This project delivers a real-time speech-to-speech (STS) conversation model using Pipecat—a powerful Python framework for AI pipelines—integrated with leading speech recognition, large language model (LLM), and text-to-speech (TTS) services. This solution supports fast, natural back-and-forth spoken dialogues with context awareness, VAD-based audio control, and streaming responses.
While I previously built a similar model by independently linking STT, LLM, and TTS modules.
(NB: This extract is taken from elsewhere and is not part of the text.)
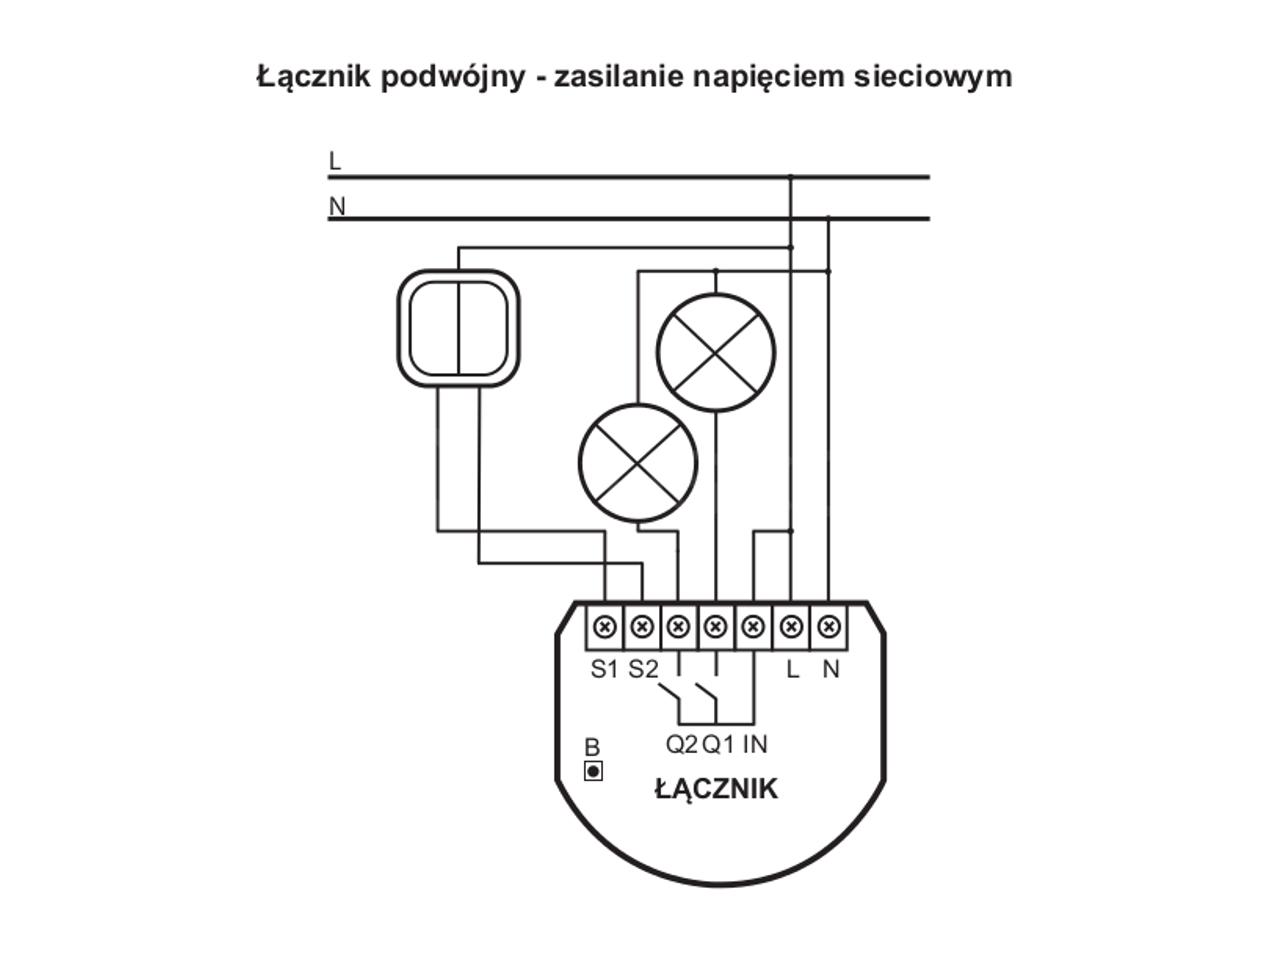 redarc bcdc1225 wiring diagram tail light 1996 chevy truck dc diagrams tank ship odicis
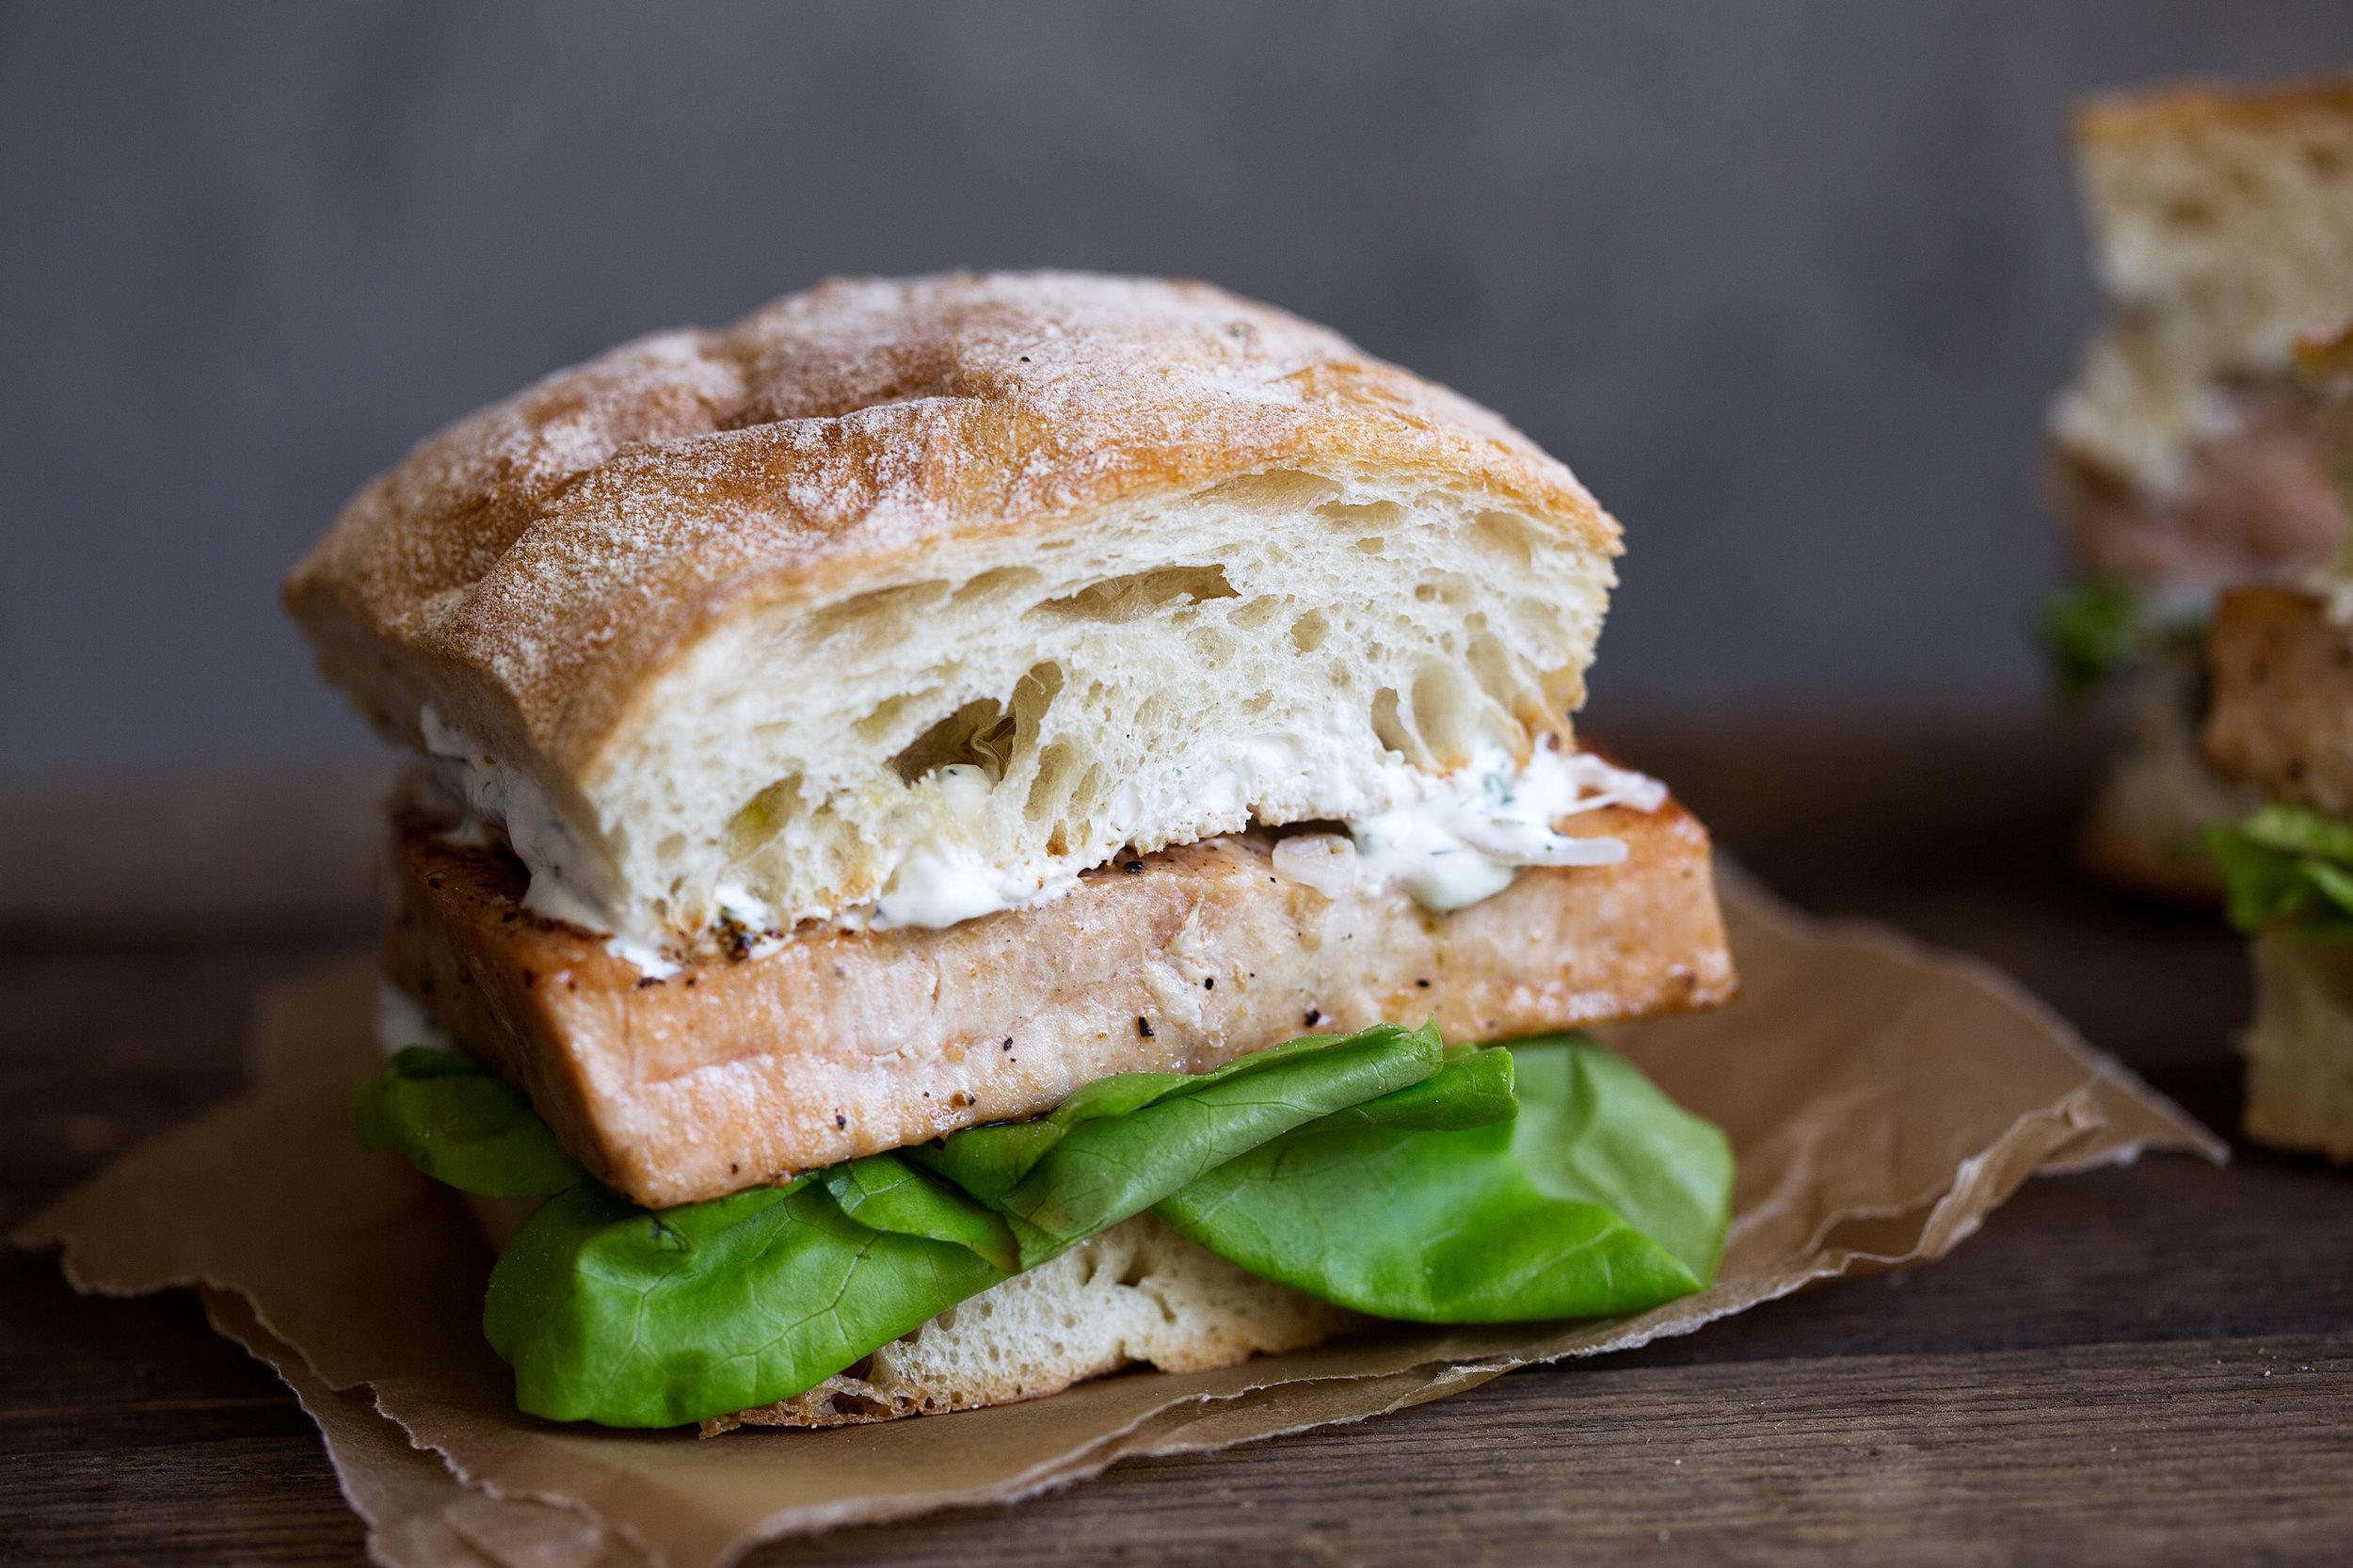 Seared Fish Sandwich with Tarragon Yogurt Sauce and Pickled

You can find the older architecture in the commit history for understanding.
Watch a quick demo of the model in action:
- Real-time speech-to-speech interaction: Users converse naturally, and the bot speaks responses instantly.
- Low-latency streaming: Average response latency is ~2.5s, the first response takes time; the goal is to achieve ~1s latency for first outputs.
- Interruption handling: Users can interrupt with new input, and the pipeline adapts its response.
- Dynamic context: Maintains conversation flow using context aggregation.
- Modular Pipecat pipeline: Simplifies complex integrations and provides observability.
- Pluggable components:
- Deepgram for ASR (STT)
- Google Gemini LLM
- ElevenLabs for TTS
- Silero for VAD
- WebRTC-based audio transport using SmallWebRTCTransport
- Voice user interface: (UI to be improved—see current limitations)
git clone https://github.com/Ag-Utkarsh/STS.git
cd STS
Note: It’s recommended to use a virtual environment.
python -m venv venv
source venv/bin/activate
pip install -r requirements.txt
Create a .env
file with your API keys:
DEEPGRAM_API_KEY=your_deepgram_key
ELEVENLABS_API_KEY=your_elevenlabs_key
GEMINI_API_KEY=your_gemini_key
python sts.py
Open http://localhost:7860/client in your browser and click Connect(top right corner, and give the microphone permission) to start talking to your bot.
The speech-to-speech model is built using Pipecat’s pipeline abstraction, combining the following components:
Pipeline(
transport.input(), # Raw audio in from user
rtvi, # Real-time voice interaction processing
stt, # Speech-to-text (Deepgram)
context_aggregator.user(), # Aggregate LLM context (user side)
llm, # LLM (Google Gemini)
tts, # Text-to-speech (ElevenLabs)
transport.output(), # Audio back to user
context_aggregator.assistant() # Aggregated assistant utterances
)
- Custom UI Needed: While audio interaction works, a polished voice UI kit or frontend is still pending. Refer to community kits for inspiration.
- First sentence control: At present, customizing the bot’s first utterance is limited; Pipecat’s system prompt currently manages this.
- Latency: Average response latency is 2.5s at current configuration. Target: sub-1s response time for optimal interactivity.
- First Message: Don't have control over the first message.
If you have ideas for improving the UI, reducing latency, or adding new integrations, contributions are welcome!.
- Pipecat Documentation
- Pipecat Quickstart
- Deepgram, ElevenLabs, Google Gemini API guides
Give it a try—your voice assistant is now just a conversation away!